▶ Problem details
Return every line in the entries below where the word "para" shows up.

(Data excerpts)
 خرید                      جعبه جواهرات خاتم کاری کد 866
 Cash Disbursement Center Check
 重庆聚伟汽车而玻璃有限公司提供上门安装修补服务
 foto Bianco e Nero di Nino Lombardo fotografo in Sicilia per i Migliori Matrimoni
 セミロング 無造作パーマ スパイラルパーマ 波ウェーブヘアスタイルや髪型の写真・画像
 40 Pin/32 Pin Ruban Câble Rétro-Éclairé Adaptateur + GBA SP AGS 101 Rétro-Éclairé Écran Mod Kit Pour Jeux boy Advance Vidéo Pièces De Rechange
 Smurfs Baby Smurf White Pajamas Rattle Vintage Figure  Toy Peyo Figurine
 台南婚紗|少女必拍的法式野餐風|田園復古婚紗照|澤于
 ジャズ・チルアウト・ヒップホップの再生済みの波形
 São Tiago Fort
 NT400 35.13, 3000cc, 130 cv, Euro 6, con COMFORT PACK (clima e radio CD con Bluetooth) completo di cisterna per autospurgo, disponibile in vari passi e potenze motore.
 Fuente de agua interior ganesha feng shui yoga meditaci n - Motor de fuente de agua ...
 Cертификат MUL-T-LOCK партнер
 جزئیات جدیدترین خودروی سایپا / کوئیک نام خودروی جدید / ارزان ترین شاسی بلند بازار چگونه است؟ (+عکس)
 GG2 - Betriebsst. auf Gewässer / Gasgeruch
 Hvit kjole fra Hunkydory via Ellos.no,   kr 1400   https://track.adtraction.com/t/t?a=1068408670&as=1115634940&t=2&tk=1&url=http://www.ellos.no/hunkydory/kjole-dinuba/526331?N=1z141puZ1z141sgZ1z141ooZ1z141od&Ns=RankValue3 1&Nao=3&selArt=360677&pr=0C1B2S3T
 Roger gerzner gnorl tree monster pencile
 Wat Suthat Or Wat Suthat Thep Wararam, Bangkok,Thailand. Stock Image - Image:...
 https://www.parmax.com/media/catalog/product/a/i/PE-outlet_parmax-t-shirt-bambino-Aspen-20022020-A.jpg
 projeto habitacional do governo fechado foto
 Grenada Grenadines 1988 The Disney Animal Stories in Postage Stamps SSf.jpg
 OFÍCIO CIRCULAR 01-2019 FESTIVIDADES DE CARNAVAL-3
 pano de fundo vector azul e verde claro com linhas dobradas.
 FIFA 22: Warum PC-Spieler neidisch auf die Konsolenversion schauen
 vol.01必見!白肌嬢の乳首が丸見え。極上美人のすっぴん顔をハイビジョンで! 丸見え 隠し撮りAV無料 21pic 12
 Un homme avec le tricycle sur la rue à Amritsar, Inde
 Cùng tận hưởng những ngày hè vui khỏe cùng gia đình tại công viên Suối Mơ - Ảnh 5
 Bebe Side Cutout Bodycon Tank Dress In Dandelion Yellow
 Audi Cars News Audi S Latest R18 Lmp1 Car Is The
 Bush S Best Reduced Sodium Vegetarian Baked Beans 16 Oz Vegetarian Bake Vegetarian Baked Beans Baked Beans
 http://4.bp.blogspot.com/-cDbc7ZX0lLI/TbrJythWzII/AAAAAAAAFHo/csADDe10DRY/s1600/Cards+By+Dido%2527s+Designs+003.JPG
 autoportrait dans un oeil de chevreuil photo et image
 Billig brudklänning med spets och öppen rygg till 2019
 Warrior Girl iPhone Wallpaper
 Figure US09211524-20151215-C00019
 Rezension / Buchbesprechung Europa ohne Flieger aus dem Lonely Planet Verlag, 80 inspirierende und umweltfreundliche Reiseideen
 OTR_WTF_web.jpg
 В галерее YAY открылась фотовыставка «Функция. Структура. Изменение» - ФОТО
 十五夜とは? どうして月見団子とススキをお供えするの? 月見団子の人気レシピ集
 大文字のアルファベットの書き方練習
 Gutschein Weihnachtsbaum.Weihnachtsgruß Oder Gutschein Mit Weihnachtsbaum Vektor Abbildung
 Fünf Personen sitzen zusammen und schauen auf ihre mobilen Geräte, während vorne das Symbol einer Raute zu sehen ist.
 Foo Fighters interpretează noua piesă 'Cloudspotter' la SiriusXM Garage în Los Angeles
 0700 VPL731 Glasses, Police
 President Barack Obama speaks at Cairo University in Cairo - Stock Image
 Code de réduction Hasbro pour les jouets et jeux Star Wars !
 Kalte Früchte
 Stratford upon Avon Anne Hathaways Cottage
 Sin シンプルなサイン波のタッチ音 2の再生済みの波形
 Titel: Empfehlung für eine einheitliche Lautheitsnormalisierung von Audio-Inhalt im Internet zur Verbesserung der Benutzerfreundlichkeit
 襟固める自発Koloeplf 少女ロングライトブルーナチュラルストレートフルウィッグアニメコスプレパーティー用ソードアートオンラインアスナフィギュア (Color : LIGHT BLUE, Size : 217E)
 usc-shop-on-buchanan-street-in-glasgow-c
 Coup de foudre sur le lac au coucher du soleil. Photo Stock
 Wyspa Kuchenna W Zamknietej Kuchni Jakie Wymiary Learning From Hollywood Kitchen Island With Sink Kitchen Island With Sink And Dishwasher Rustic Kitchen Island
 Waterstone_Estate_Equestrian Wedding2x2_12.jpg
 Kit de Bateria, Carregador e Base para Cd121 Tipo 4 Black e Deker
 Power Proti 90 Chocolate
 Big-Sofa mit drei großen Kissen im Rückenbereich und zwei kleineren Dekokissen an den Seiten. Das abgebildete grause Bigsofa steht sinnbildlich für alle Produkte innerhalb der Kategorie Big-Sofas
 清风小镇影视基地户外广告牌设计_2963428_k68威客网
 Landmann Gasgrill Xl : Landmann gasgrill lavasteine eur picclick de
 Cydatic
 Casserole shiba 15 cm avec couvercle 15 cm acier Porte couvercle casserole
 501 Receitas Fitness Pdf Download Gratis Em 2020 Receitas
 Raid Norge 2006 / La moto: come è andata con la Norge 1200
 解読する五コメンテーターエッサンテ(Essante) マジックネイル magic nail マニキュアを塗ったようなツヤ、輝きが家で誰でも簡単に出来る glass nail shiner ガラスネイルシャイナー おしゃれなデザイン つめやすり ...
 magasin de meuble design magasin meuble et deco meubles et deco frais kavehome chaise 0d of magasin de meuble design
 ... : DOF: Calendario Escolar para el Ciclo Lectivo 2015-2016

▶ Exercise response
 Kit de Bateria, Carregador e Base para Cd121 Tipo 4 Black e Deker
 ... : DOF: Calendario Escolar para el Ciclo Lectivo 2015-2016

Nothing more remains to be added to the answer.